In einer Wohnung brennt schummriges Licht. Ein Mann und ein Frau streiten sich laut. Ein Schlag, ein Schrei, dann Stille.
„Du hast mich betrogen!“, brüllt der Mann.
Noch ein Schlag. Die Frau wimmert, bekommt noch einen Schlag.
„Gerhard bitte...es ist nicht so wie du denkst...“
Knall. Noch ein Schlag. Die Frau ist still.
Auf den Steinstufen vor dem Haus sitzt ein kleiner Junge. Seine Haare sind total durchnässt vom Regen. Sein T-Shirt klebt an seinem Oberkörper und er schlottert. Er zieht die Beine an und umschlingt sie mit den Armen. Er weint.

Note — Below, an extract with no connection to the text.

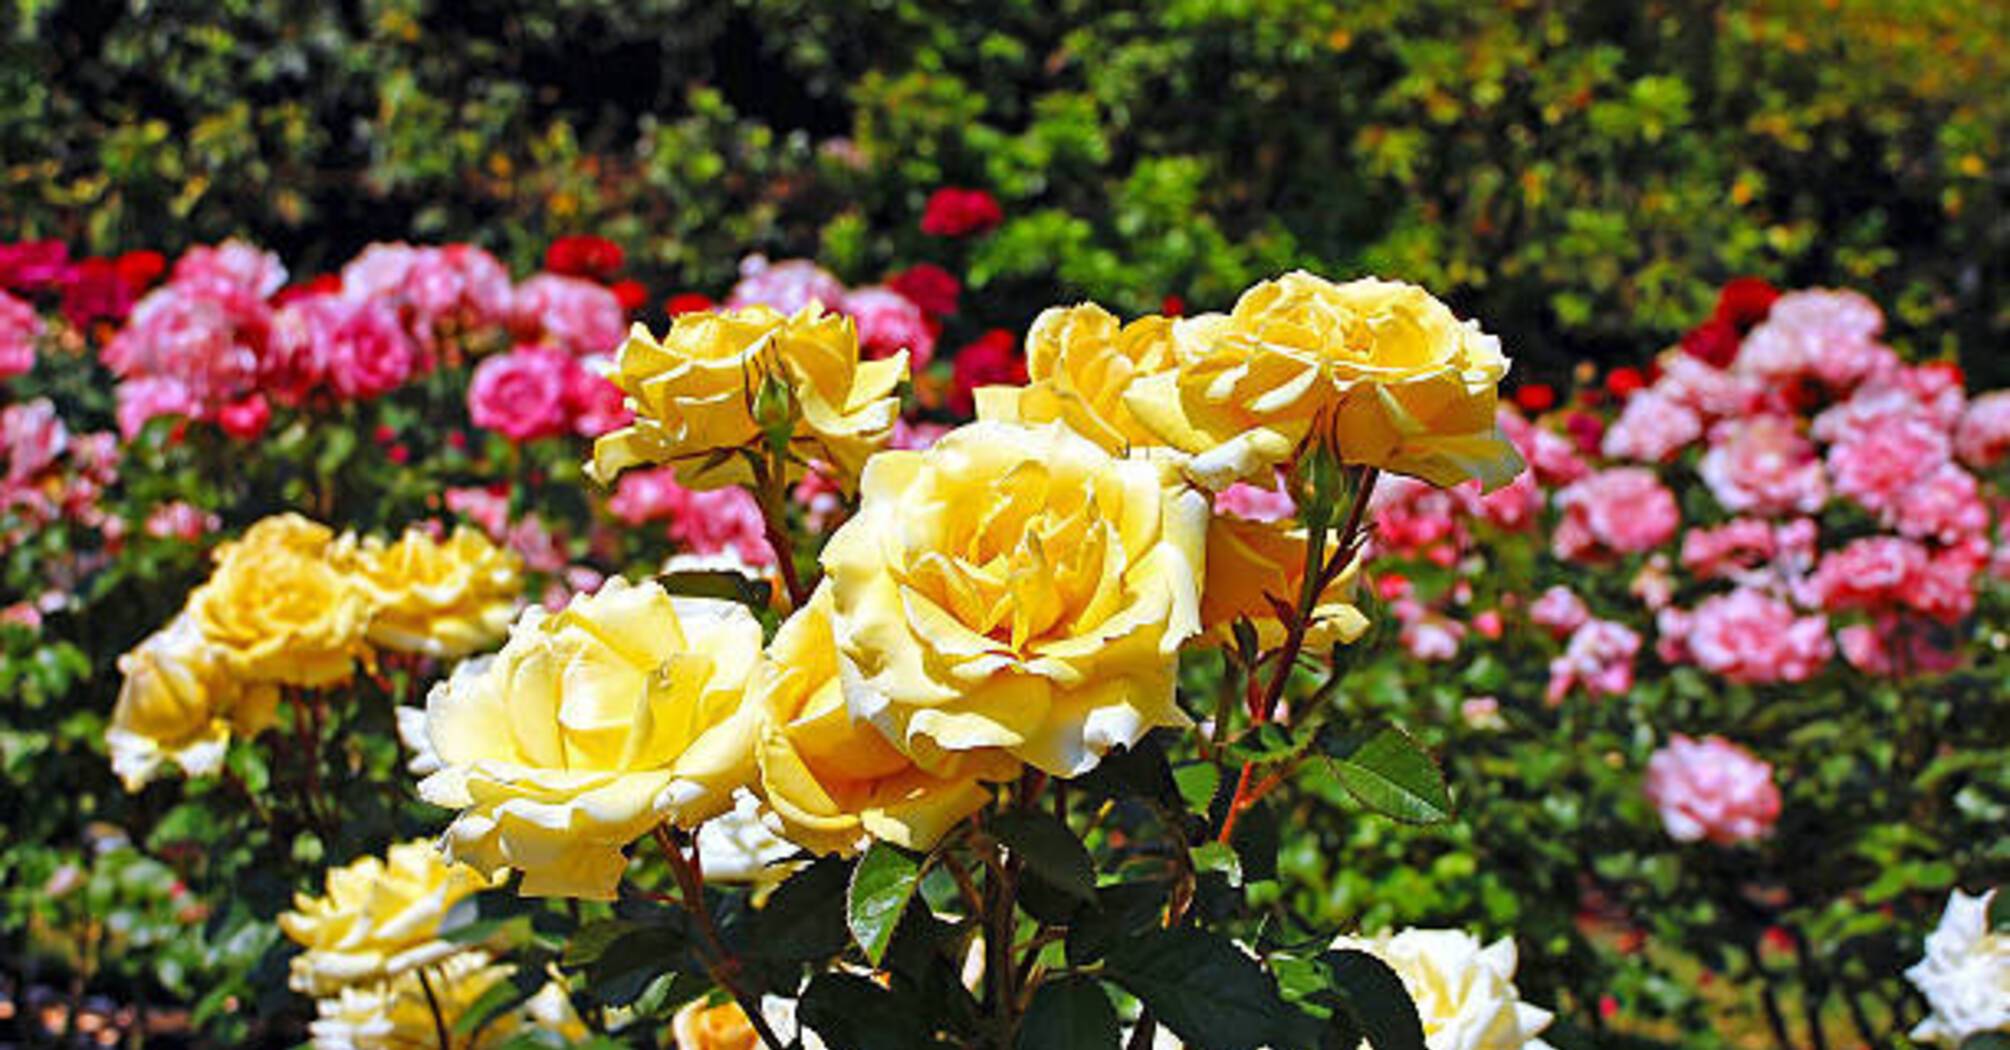 Які рослини найкраще посадити поруч із трояндами: корисні поради

Die Kirchturmuhr schlägt neun Uhr. Plötzlich, wie auf Kommando geht ein Licht nach dem nächsten an. Alle Fenster leuchten wie aus großen Augen. Überall öffnen Leute die Türen und legen leuchtende Taschenlampen davor.
Für einen kurzen Moment setzt der Regen aus und der Mond schiebt sich groß und rund hinter einer Wolke hervor. Die Stadt leuchtet aus allen Ritzen.
„Sei still“, sagt der Mann, „am Taschenlampentag wird nicht geheult.“
Mit diesen Worten nimmt auch er eine Taschenlampe, öffnet das Fenster und platziert sie. Dann schließt er das Fenster wieder.
Der Junge sitzt immer noch auf der Treppe. Seine Haare schimmern golden im Licht der vielen Taschenlampen, seine Augen leuchten. Er rappelt sich auf, zieht ein kleines Exemplar aus seiner Hosentasche und beteiligt sich ebenfalls am großen Lichterspektakel.


Nach einer Minute ist es vorbei. Die Lichter gehen nach und nach aus, in den Häusern wird es still. Die Menschen haben ein Zeichen gesetzt. Sie huschen kurz vor die Tür, holen ihre Taschenlampen ins Warme und verschwinden wieder. Der Regen setzt wieder ein und der Wind heult weiter. Und trotzdem hat sich etwas verändert: Der Junge lächelt.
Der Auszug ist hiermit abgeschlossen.